NARA, itu aku, dengan
patuh menunggu para anggota club film berkumpul di kafetaria sedangkan bosku
sudah pulang untuk pemotretan dan nanti sore aku harus menyusulnya ke sana. Anggota
club film rupanya tak sebanyak yang kukira, kupikir banyak murid yang tertarik
membuat film tapi ternyata hanya lima orang saja yang hadir (anggota club
fotografi saja 10 orang lebih banyak dari ini).
“Terima kasih sudah
mau datang, seperti yang teman-teman tahu bahwa club kita tercinta ini sekarang
sedang mengalami krisis keanggotaan. Banyak teman-teman kita yang sudah kelas
XII berhenti dari club karena alasan bimbingan belajar, sementara anggota kelas
XI hanya dua orang, dan anggota kelas X hanya tiga orang.

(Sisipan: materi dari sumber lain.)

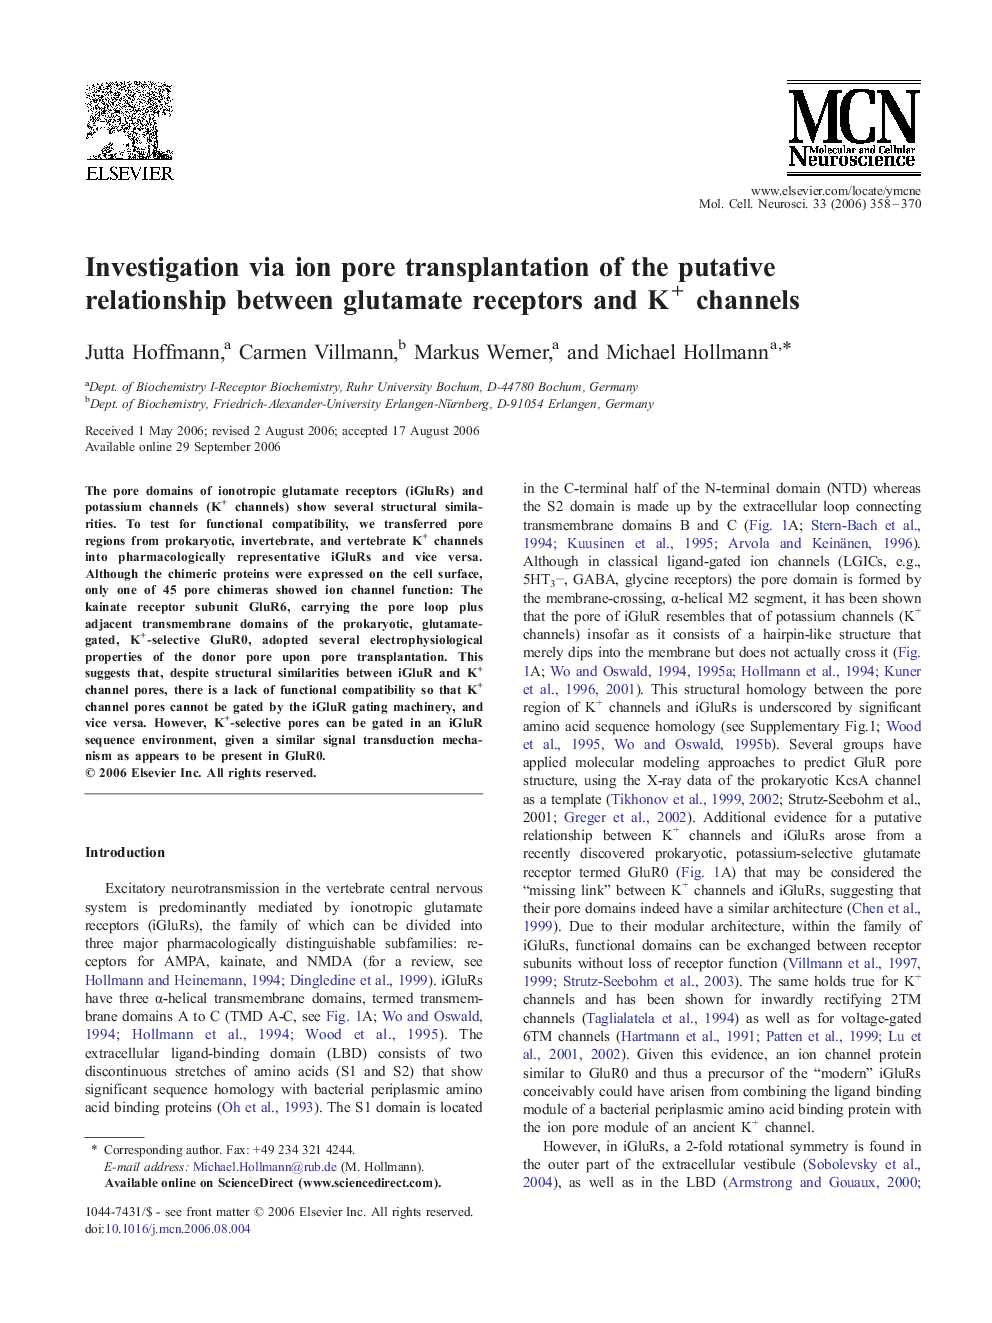 Investigation via ion pore transplantation of the putative relationship between glutamate receptors and K+ channels

Karena krisis
keanggotaan ini maka pihak kesiswaan akan menutup club ini sehingga pada tahun
ajaran depan, adik-adik baru kita tidak akan merasakan semangat kita.” Demikian
pembukaan rapat yang berapi-api oleh sang ketua club, Abe. Kalau bukan karena
tata krama yang dijujung tinggi oleh adat timur, aku sudah tertawa tak keruan
dari tadi. “Kita demo saja Kak!” seorang anggota kelas X terpancing semangat
Abe,”Kita rame-rame datang ke kantor kepsek dan meminta agar club ini tidak
dibubarkan.” Akupun semakin tak kuat menahan tawa. “Iya, Kak. Kalau perlu pakai
acara mogok makan siang!” timpal temannya. Please, aku sudah tidak kuat menahan
tawaku. “Hmp…!” Aku segera menutup mulutku agar tawaku tidak meledak. “Kakak
menertawakan kami?” kali ini adik kelas itu bertanya padaku. Aku serta merta
menggeleng serba salah,” Nggak kok.” “Lalu kenapa tadi menutup mulut begitu?”
dia tambah sewot.
“Sudah, tak ada
gunanya kalau kita saling marah-marah,” ujar Abe menyelamatkan aku. “Saya sudah
bernegosiasi dengan kepsek. Dia setuju tidak akan membubarkan club ini dengan
satu syarat.” Abe tidak langsung menyelesaikan kalimatnya, aku merasa dia
sengaja membuat yang lain (kecuali aku tentunya) tegang. “Club ini tidak akan
bubar dengan syarat kita membuat satu film yang ditayangkan saat dies natalis
sekolah. Kepsek menilai selama ini club kita tidak produktif dan ditambah lagi
masalah anggota ini. Maka dari itu, teman-teman mari kita buktikan kalau club
film adalah club yang penuh semangat!” “YAAAAAA!!!!!!!” akupun sukses tertawa
terbahak-bahak melihat kelakuan para anggota club ini.
Bayangkan sebuah
studio foto yang penuh dengan peralatan lighting yang bisa bikin orang yang
berkulit gelap terlihat putih dan orang yang putih menjadi seperti mayat saking putihnya. Nah,
disitulah aku sekarang untuk pertama kalinya dalam 17 tahun kehidupanku (untung
bukan dalam 50 tahun kehidupanku), aku menginjakkan kaki di studio foto sekelas
XXX. Bak itik buruk rupa yang nyasar di tengah kerumunan angsa (kecuali para
krunya mungkin masih bisa dikategorikan itik gaul), aku harus menunggu bosku
kelar pemotretan sambil bengong melihat para model itu antri poto. Dimana Dewa?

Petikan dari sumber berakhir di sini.